◆ EXERCISE BRIEF
Please set out each line below exactly as it stands, without the images.

-------- COLLECTED DATA --------

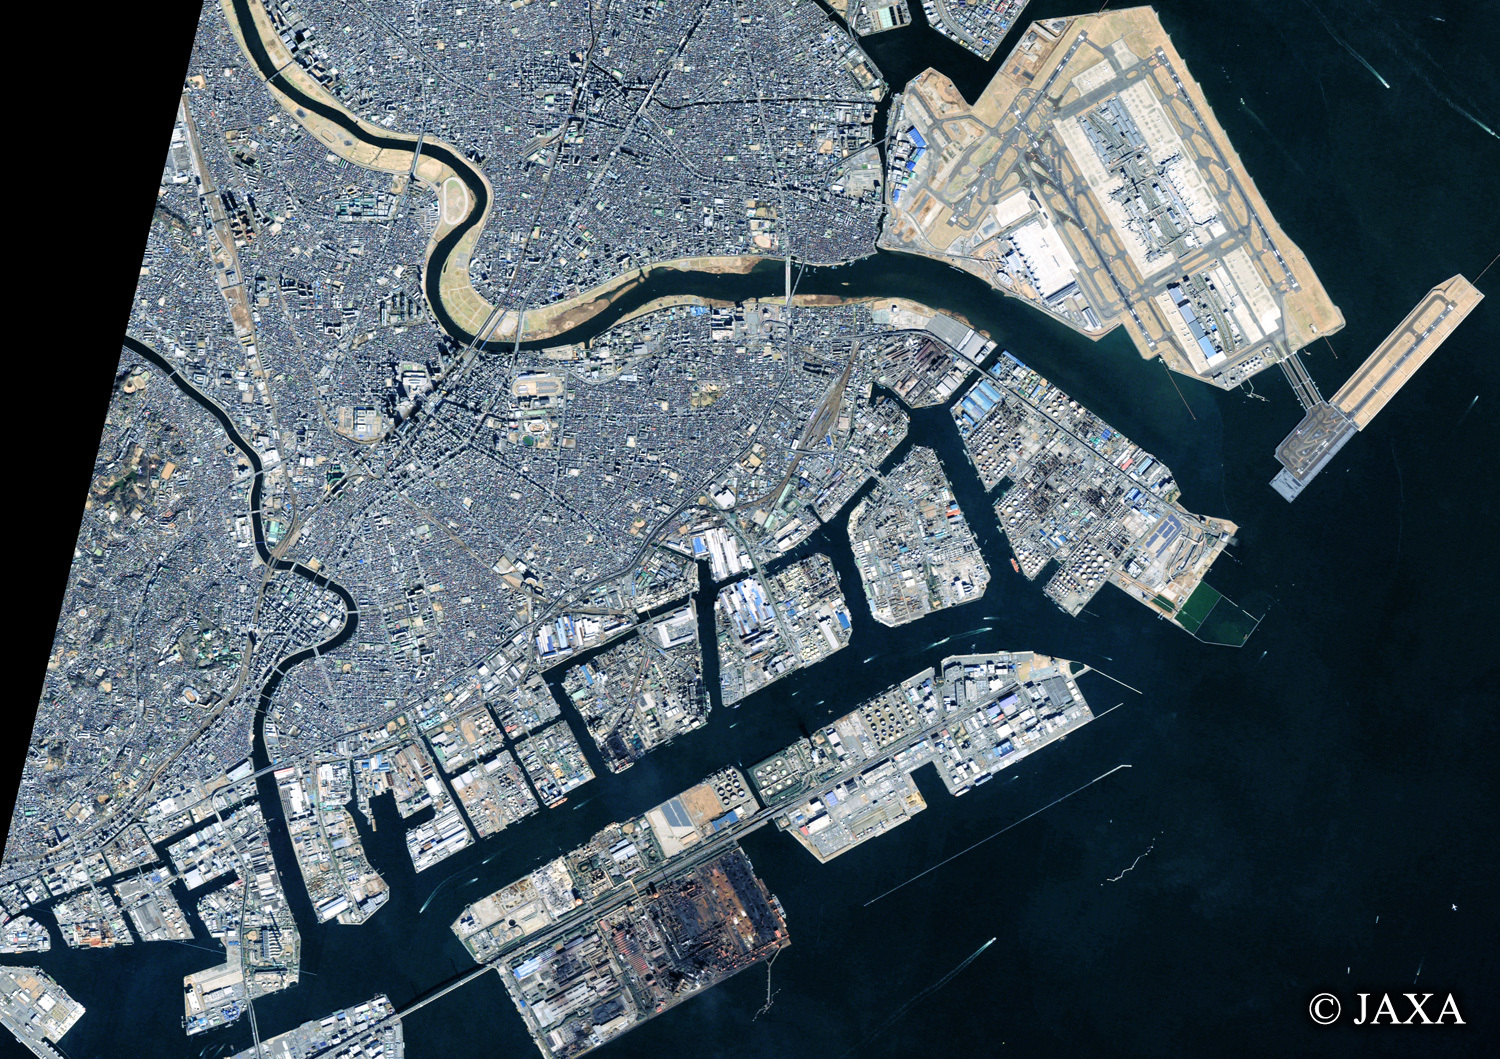 だいちから見た日本の都市 川崎市周辺:衛星画像
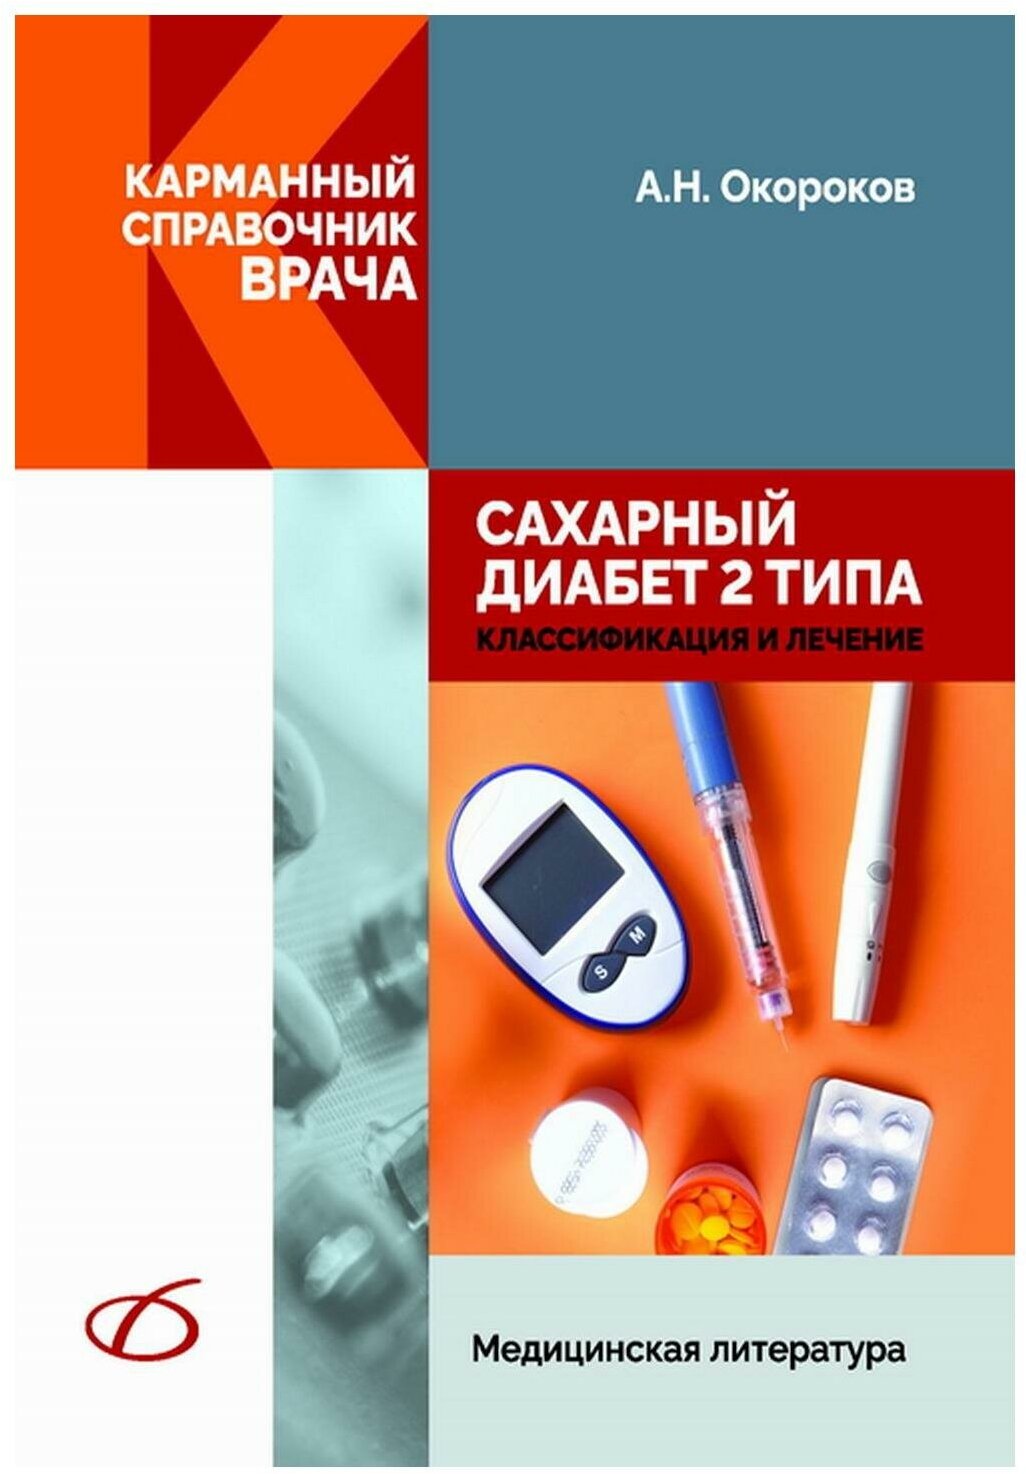 Окороков Александр Николаевич "Сахарный диабет 2 типа. Классификация и лечение"
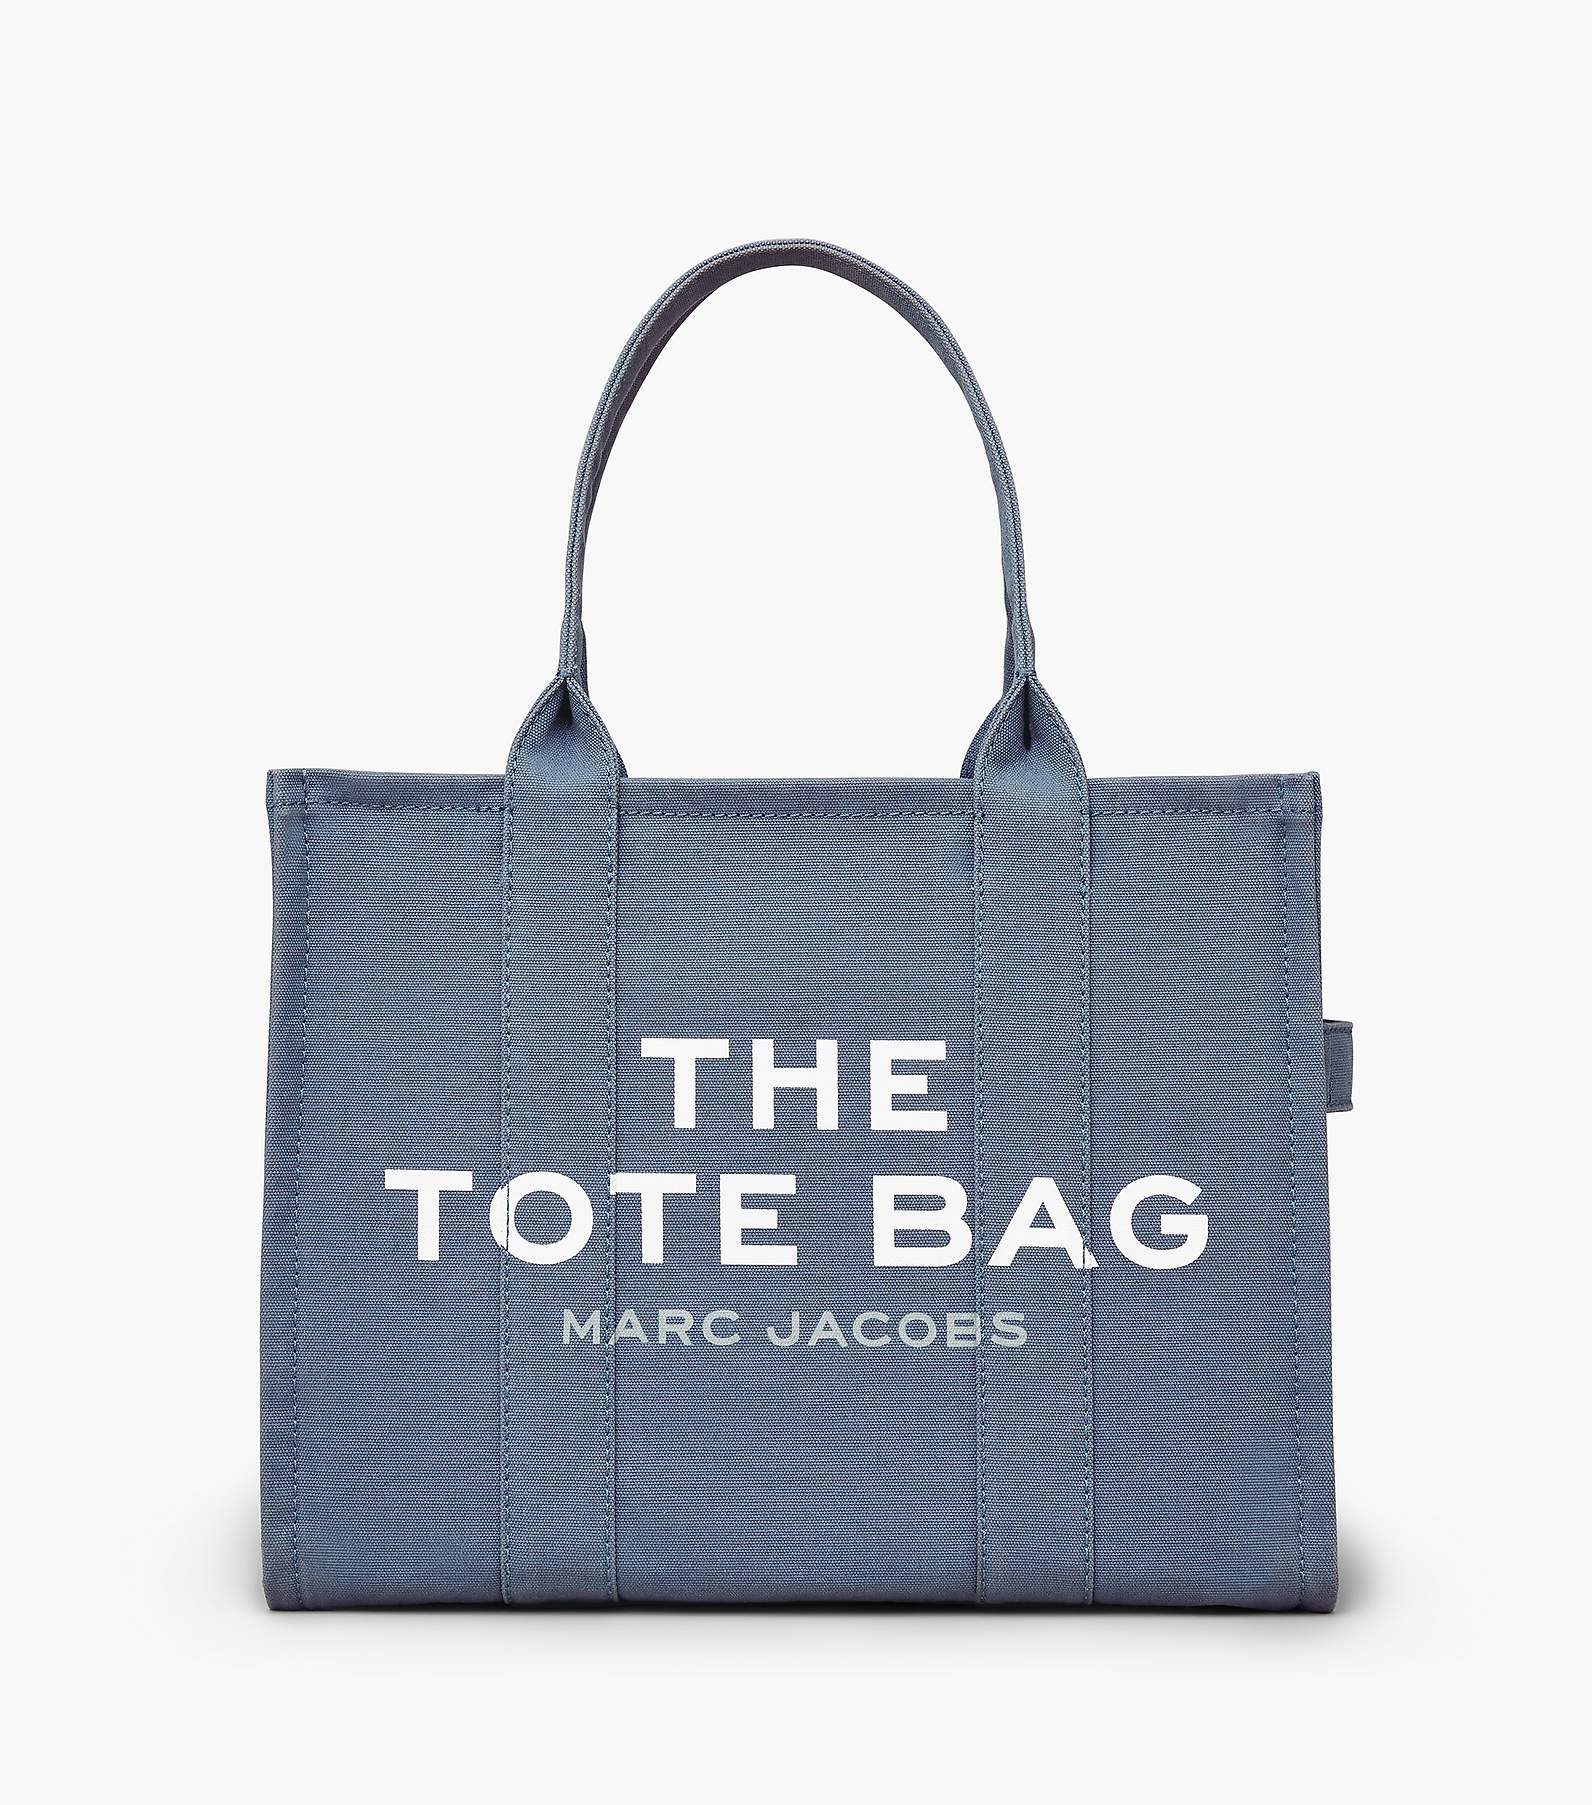 Handbags  Marc jacobs bag, Fashion, Bags

--------

◆ SOLUTION TO THIS PROBLEM
 だいちから見た日本の都市 川崎市周辺:衛星画像
 Окороков Александр Николаевич "Сахарный диабет 2 типа. Классификация и лечение"
 Handbags  Marc jacobs bag, Fashion, Bags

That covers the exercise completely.